Henry Ford was not the person to invent the car or even the assembly line. Still, he goes down in history as one of the greatest innovators not only of his time, but of all time. He made motor vehicles commercially available to the masses as opposed to only a selection of the wealthiest in society. Before Henry Ford, the car, commonly called the horseless carriage, was a luxury that wasn’t widely adopted until the cost and efficiency of manufacturing could be brought down. Henry was innovative by taking something like the assembly line or horseless carriage and revisioning it to fit the mold of something in high demand.
In August of 2017 Forbes actually published an article on some of the greatest lessons aspiring innovators can learn from Ford and I’ve decided to share them with you here. First on this list is, “be so good at what you do that people think you invented it.” As I mentioned before, Ford did not invent the automobile, he did not have the proprietor rights, but he transformed the idea all together. Sometimes you don’t conceive an idea, but you see it to its completion—revisioning is a powerful tool because it requires the ability to un-see as well. Collaboration is a beautiful aspect of human invention, as they say: two minds are greater than one. The second lesson is “failures are opportunities.” Like many successful people before and after him, Henry Ford failed numerous times on the way to his legacy. The interesting thing about this is the selective nature to which people tend to recall his short comings. Embrace them, they’ll be little more than a bump on the road to success anyway—win some and learn some! Next on this list is “be as strong behind the scenes as you are anywhere else.” Henry Ford didn’t just talk the talk, but he also walked the walk. His inquisitive nature began with a pocket watch he wanted to learn the mechanics of.

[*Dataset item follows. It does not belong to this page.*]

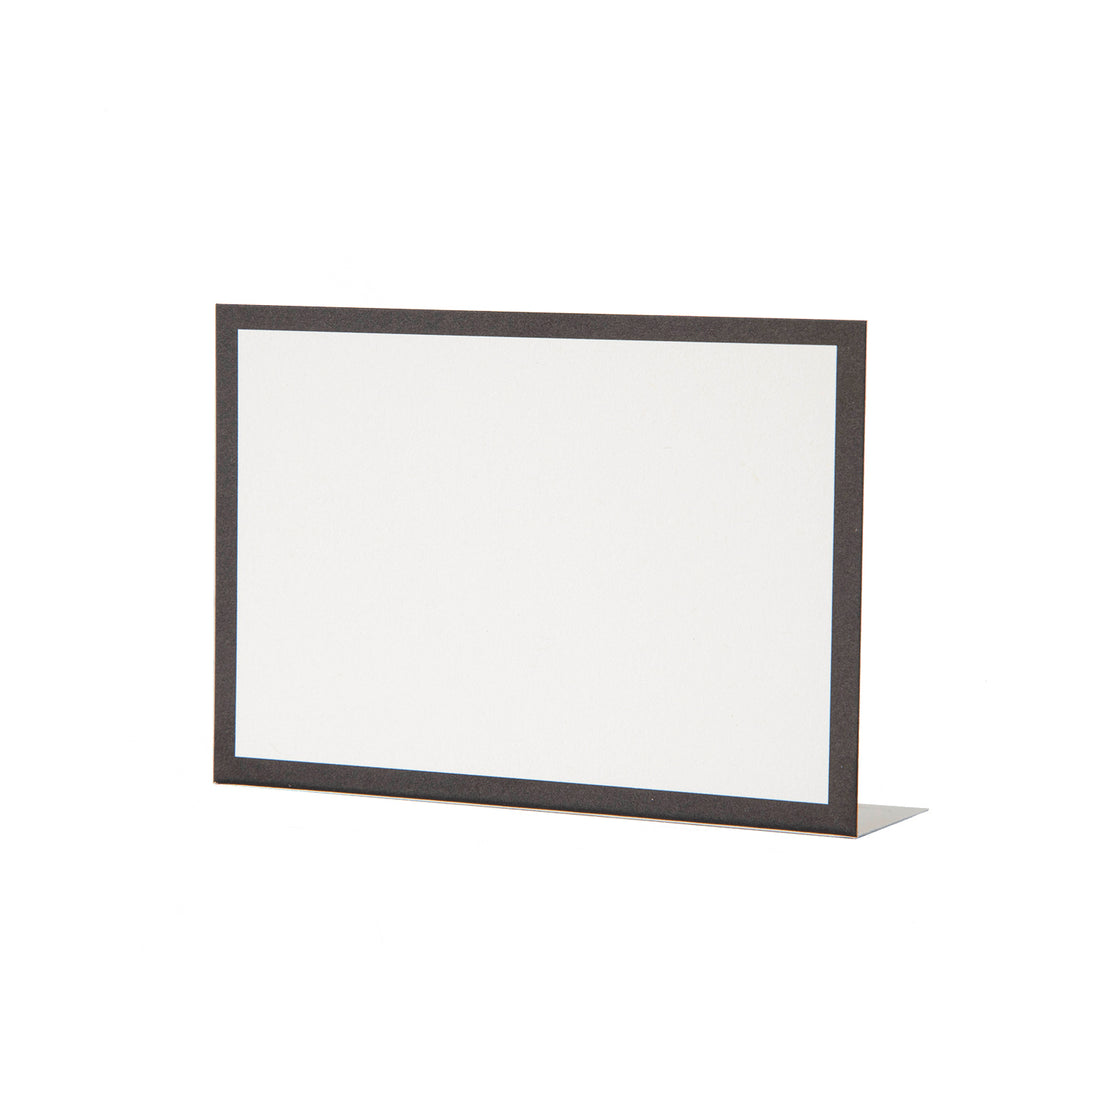 A free-standing, rectangular white table card with a simple black frame around the edges.

As a boy he wasn’t doing this in hope of making money. One famous quote of his was, “Quality means doing it right when no one is looking” and he exemplified that over the duration of his life. Next on Forbes’ list is “don’t be a show off” like many highly successful people, Ford freed up cognitive space by dressing in casual clothes and wasn’t over concerned with his outward image. Instead he let his work speak for himself and expected people to know who he was not, how he looked. Lastly, “don’t be in the business of making money” Ford fought for his brand and would make it so his workers got competitive wages from the beginning. Henry Ford was famous not because of the money he made (which was a lot, don’t get me wrong), but because of his brand which people needed. Ford was not a perfect person, and was notorious for his problematic opinions, but he was an excellent entrepreneur in practice. Perhaps with a nuanced application of something in demand you can bring innovation to today’s existing technology as Ford did!